In return, de Bascher gave him his youth, his beauty, his energy, his stories of debauchery.
She also hosted fashion week parties for him, like the notorious 1977 Moratoire Noire, held in a cavernous nightclub on the outskirts of Paris. The party – dress code: “tragic outfit, black” – shocked way you when it turned into an orgy.
De Bascher has become a fashion legend for her fling with Saint Laurent, circa 1974, when Lagerfeld and Saint Laurent were friendly rivals.
The romance lasted no more than six months, Middleton claims, but Saint Laurent fell head over heels in love.
He flooded de Bascher’s apartment with white lilies and begged on his knees to be let in.

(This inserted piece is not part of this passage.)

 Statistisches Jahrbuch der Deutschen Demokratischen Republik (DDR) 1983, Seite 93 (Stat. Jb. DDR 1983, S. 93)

He kept a photo of De Bascher in his jacket pocket and “[rub] back and forth over his heart,” yelling, “I’m crazy about him!”
Eventually, Saint Laurent’s lover and business partner intervened, essentially cutting off all contact between the couturier and the entire Lagerfeld team, blaming them all for Yves’ descent into hard drugs, sadomasochism, and insanity.

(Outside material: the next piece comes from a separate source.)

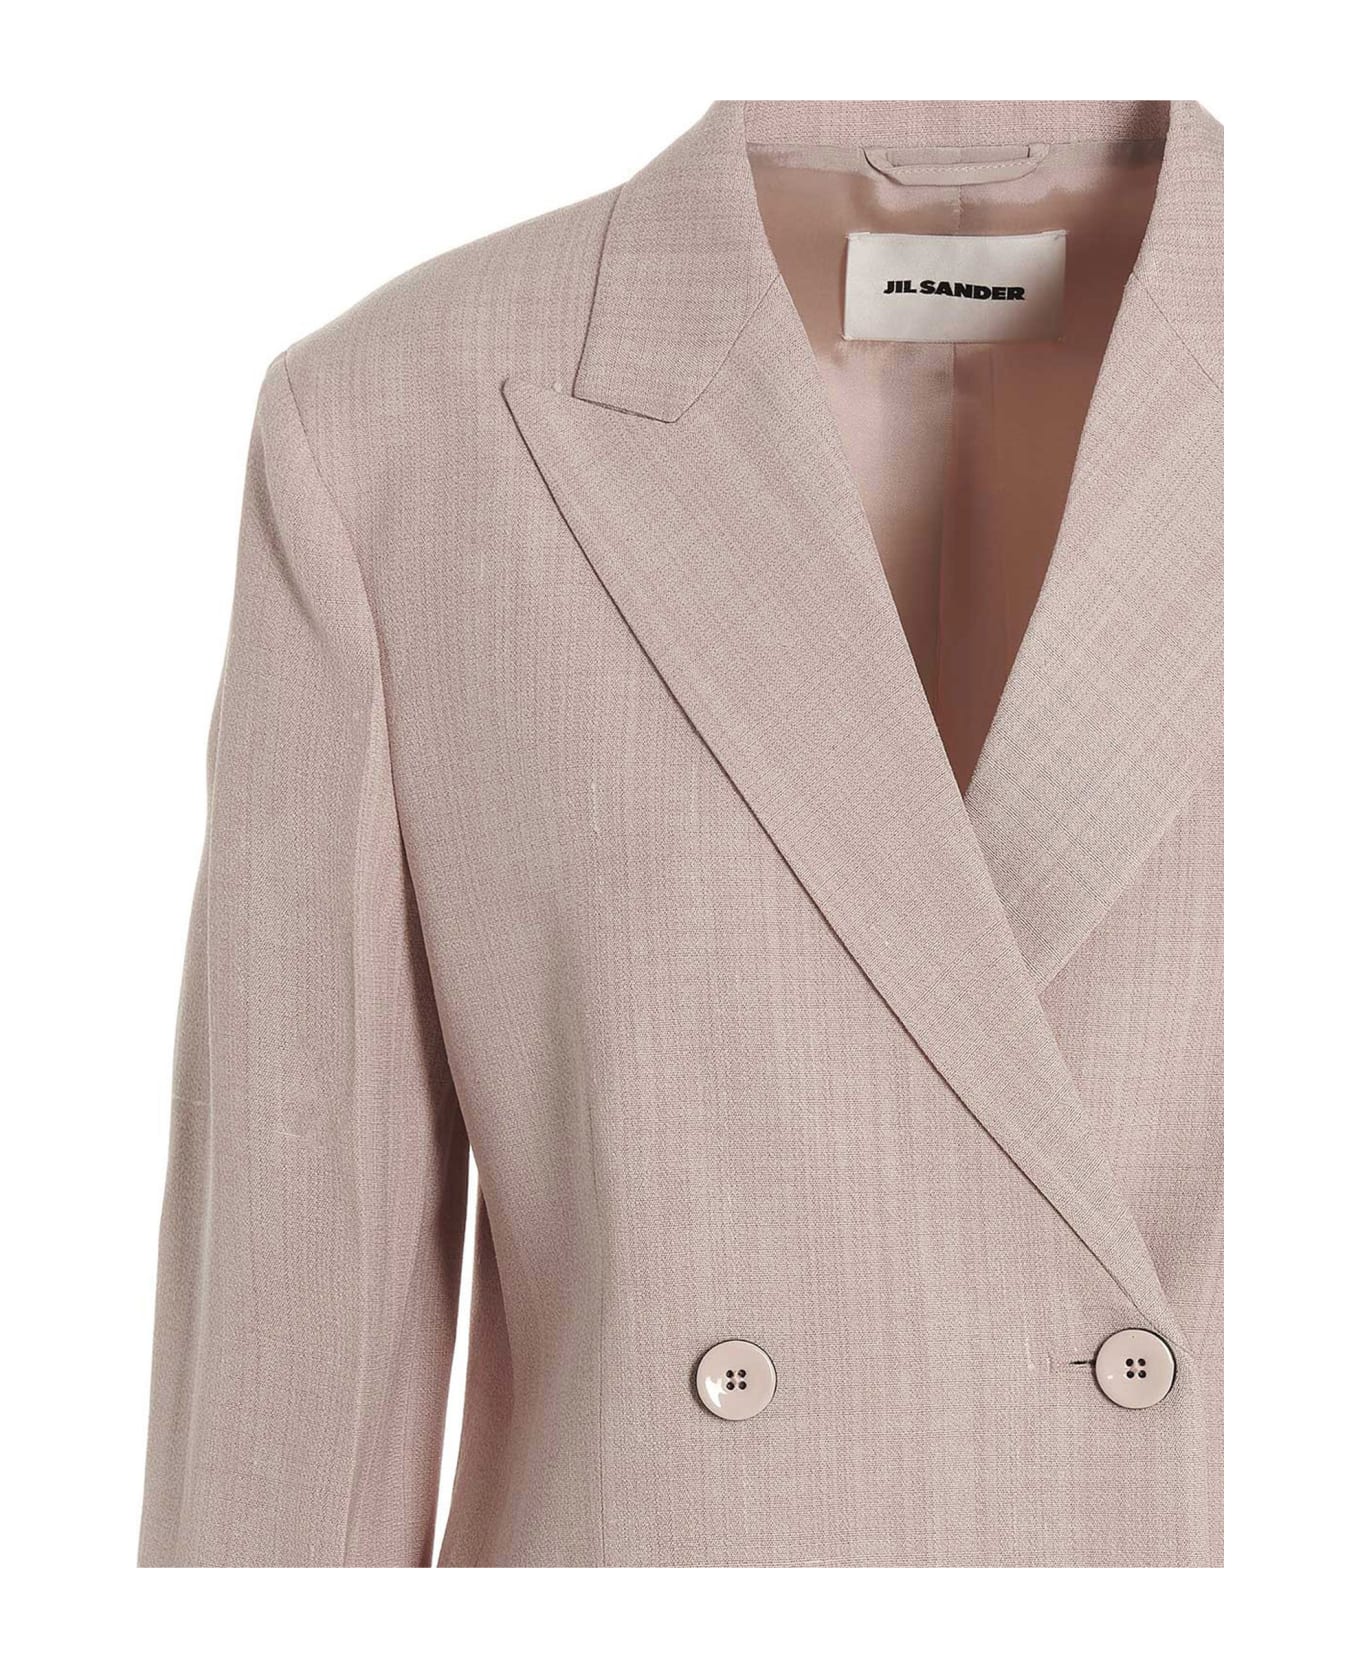 Jil Sander Double Breast Blazer Jacket - Pink

Yet even after this brief betrayal, Lagerfeld never cut de Bascher out of his life, as he did so many others.
Throughout his life, Lagerfeld honed a mask of frivolous cruelty, refusing to acknowledge disease, death, or ugliness of any kind.
But in 1984, de Bascher tested positive for HIV. He continued to sit front row at Chanel and go to parties, but he looked increasingly haggard.
Lagerfeld tried in vain to save his life, paying for the best doctors and care, but in the 1980s, AIDS was a death sentence.
When De Bascher could no longer get out of his hospital bed, Lagerfeld slept in his hospital room on a cot.
De Bascher died in 1989, at the age of 35, in the arms of Lagerfeld. Later that day, he went to work at Chanel for a fitting, but his friends said he was never the same.
“It was the only thing that made sense of things,” Lagerfeld said three years later.
“He brought a kind of glow to my life that no one else will ever bring. Maybe there’s one person in life for you and that’s it.”